This is a simple proof-of-concept for a parallel file system interface. Basically, it takes a file, breaks it into pieces, stores those pieces across the system using multiple processes, and then can put it back together later. It's built for basic concurrency and not losing data (mostly). We built the simple stuff: put, get, and delete.
If you need to move big files fast, this is where you start.
We use Python's built-in tools to handle the heavy lifting. The core principle is "divide and conquer."
- File Partitioning: When you run
put, the file gets split into fixed-size chunks (parts). - Parallel Processing: We use a multiprocessing pool (equal to your CPU count) to handle the parts concurrently. Each part is processed and stored independently.
- Concurrency Control: We use a threading condition (
memory_usage_lock) to enforce a Max Memory Limit and prevent the system from exploding while loading parts into memory. Threads wait their turn if memory is tight. - Data Integrity: Each file part gets a unique ID, and we track its MD5 hash during storage. If the hash doesn't match on retrieval, we know something went wrong, and we skip the bad part.

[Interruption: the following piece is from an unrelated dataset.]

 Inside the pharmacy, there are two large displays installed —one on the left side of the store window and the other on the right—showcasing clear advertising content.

We use two simple registry classes (FileRegistry and PartRegistry) to track everything, since we can't just trust the file paths alone:
- File Registry: Tracks the file name, its status, and the list of part IDs that belong to it.
- Part Registry: Tracks the location, status, and MD5 hash for every individual file part.

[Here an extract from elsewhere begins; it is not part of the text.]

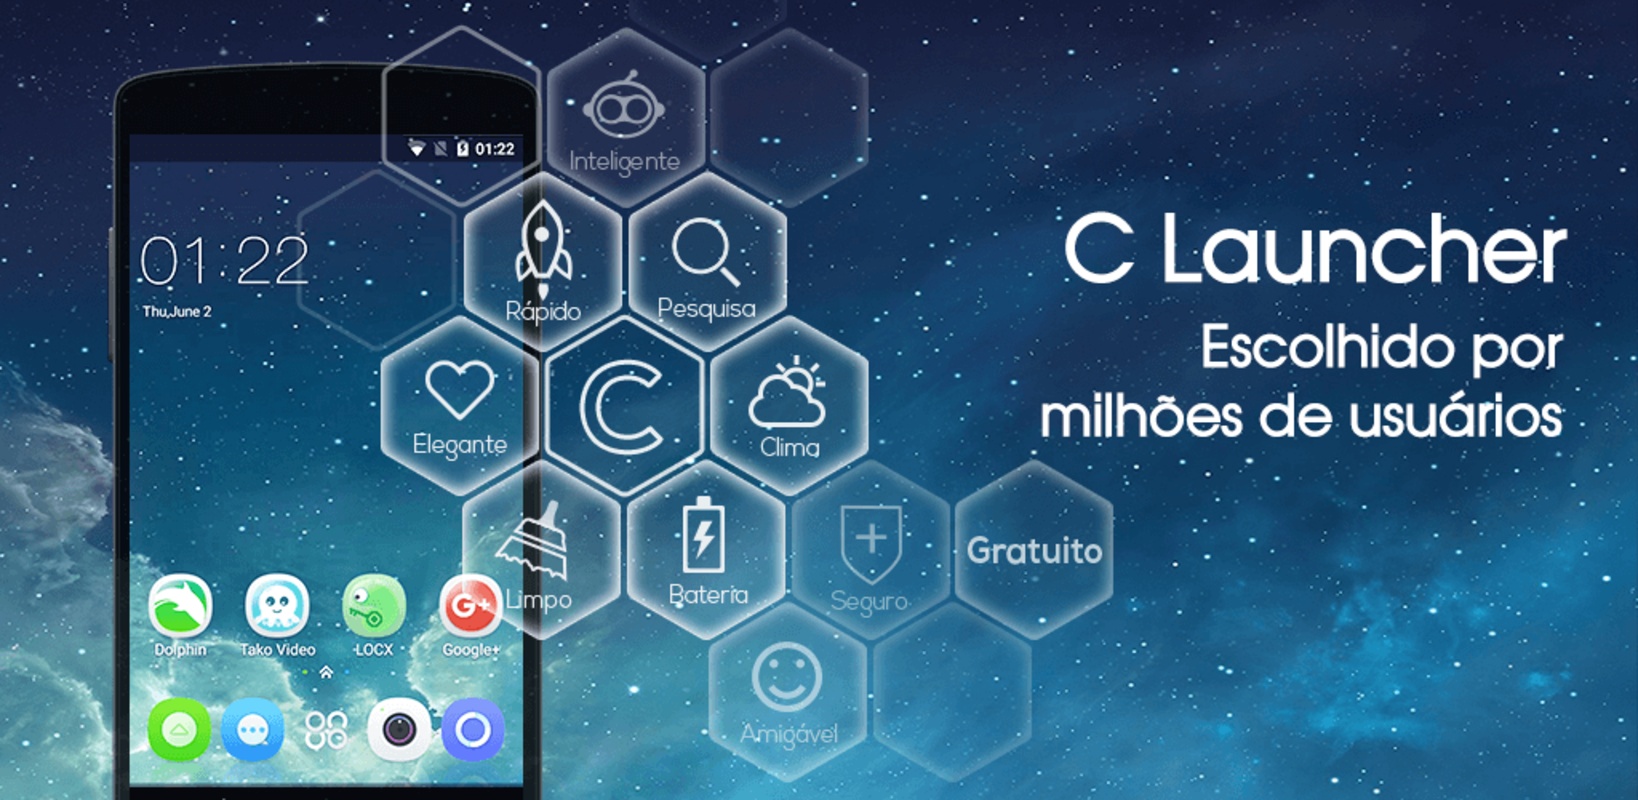 CLauncher 3.11.66 APK for Android Screenshot 59

You interact with the system via a basic command-line loop.
| Command | Action | Notes |
|---|---|---|
put <file_path> |
Stores a file in the system. Runs in a new thread. | Breaks file into parts, processes them in parallel. |
get <file_id> |
Retrieves a file by its ID. Runs in a new thread. | Reconstructs the file from its parts in parallel. |
delete <file_id> |
Removes a file and all its parts. Runs in a new thread. | Deletes all associated parts in parallel. |
list |
Shows all files currently tracked by the system. | Prints ID, name, and current status. |
exit |
Shuts down the system and waits for all active operations to finish. | Don't forget to wait. |
put /path/to/my/big/data.file
list
get 1It's all Python. Just make sure the stuff in the import list is installed, especially process, storage.*, and loader, which are assumed to be separate files you have lying around.
os, threading, multiprocessing (Standard Python)
zlib, hashlib, uuid (Standard Python)
External: process.py, storage/fileregistry.py, storage/partregistry.py, loader.py
This project is not production-ready; it's just a sandbox to understand the parallel processing concepts. Don't use it for anything important.